Two's company. A few words on food, drink and little adventures! @atablefortwoLDN
Brixton’s Market Row undeniably spoils for choice. Playing host to Franco Manca, Salon, Seven and many other South London elites. The buzz surrounding South American food still hasn’t really died down, quite rightly Casa Morita holds it’s head high above the lesser high street alternatives by not dubbing their menu as ‘street food’ and selling small quantities of food for a wrongly inflated price (it’s pretty 2012).
Decked out simply with an eclectic mix of Mexican trinkets and earrings, this place has no pretences. Seating wise it’s nicely snug, inviting people to chat with others. Simplicity and authenticity are at the heart of Casa Morita’s rationale. You’ll find the menu moderately priced, with robust comforting dishes. Sat with a glass of red you’ll enjoy the pleasure of watching the kitchen delve into great bubbling pots of Mexican sustenance .

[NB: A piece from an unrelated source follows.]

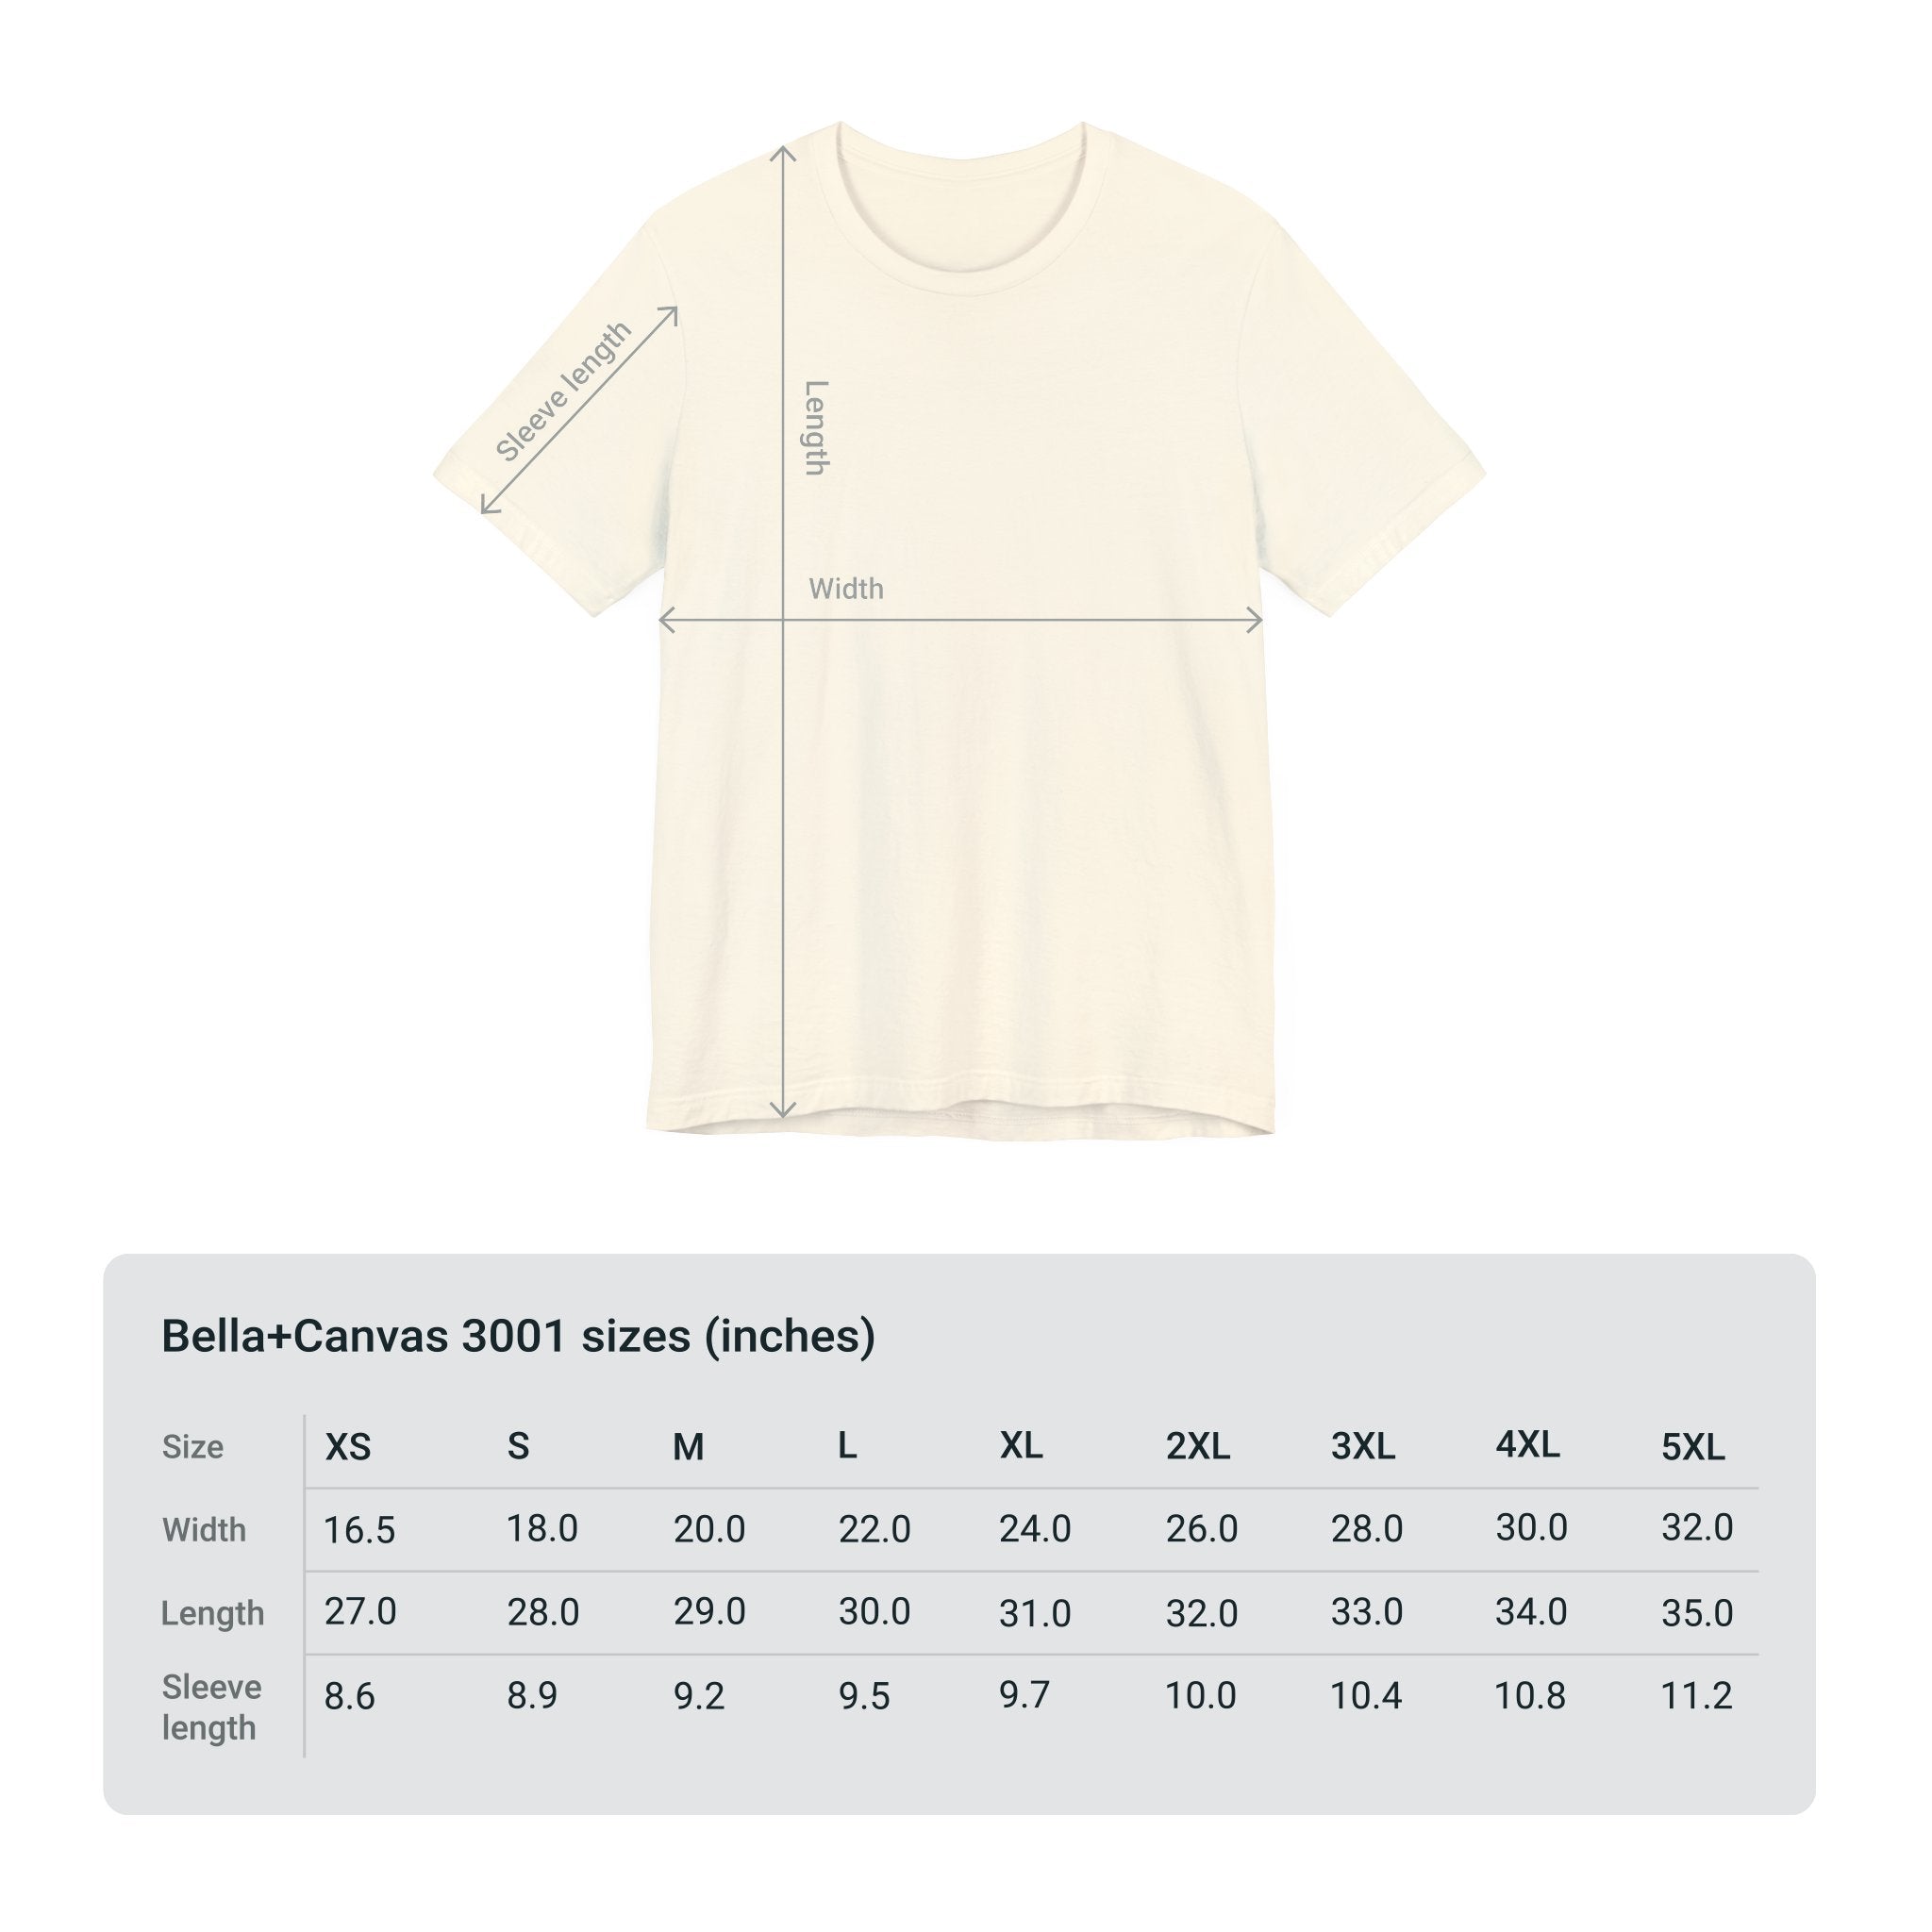 Custom Retro - a - go - go Series Foods From Corn Unisex Jersey Short Sleeve T - Shirt - POPvault

Both ravenous by the above display we ordered Cochinita Pibil (each). Pulled pork, spicy marinated onions, rice, two soft tortillas and of course refried beans. A great comforting grouping of flavours and ingredients, in a hearty gut-rubbing portion. The bottle of South American red welcomely cut through the deep flavours. Expectedly we were left stuffed and satisfied, however our arm was still twisted for a slice of date cake which was as decadent as its ingredients.
Casa Morita offers a welcome alternative to the lard ridden “Mexican” restaurants around town. The food is hearty without being slathered in cheese and grease and with its cosy setting makes a good option for a midweek dinner treat.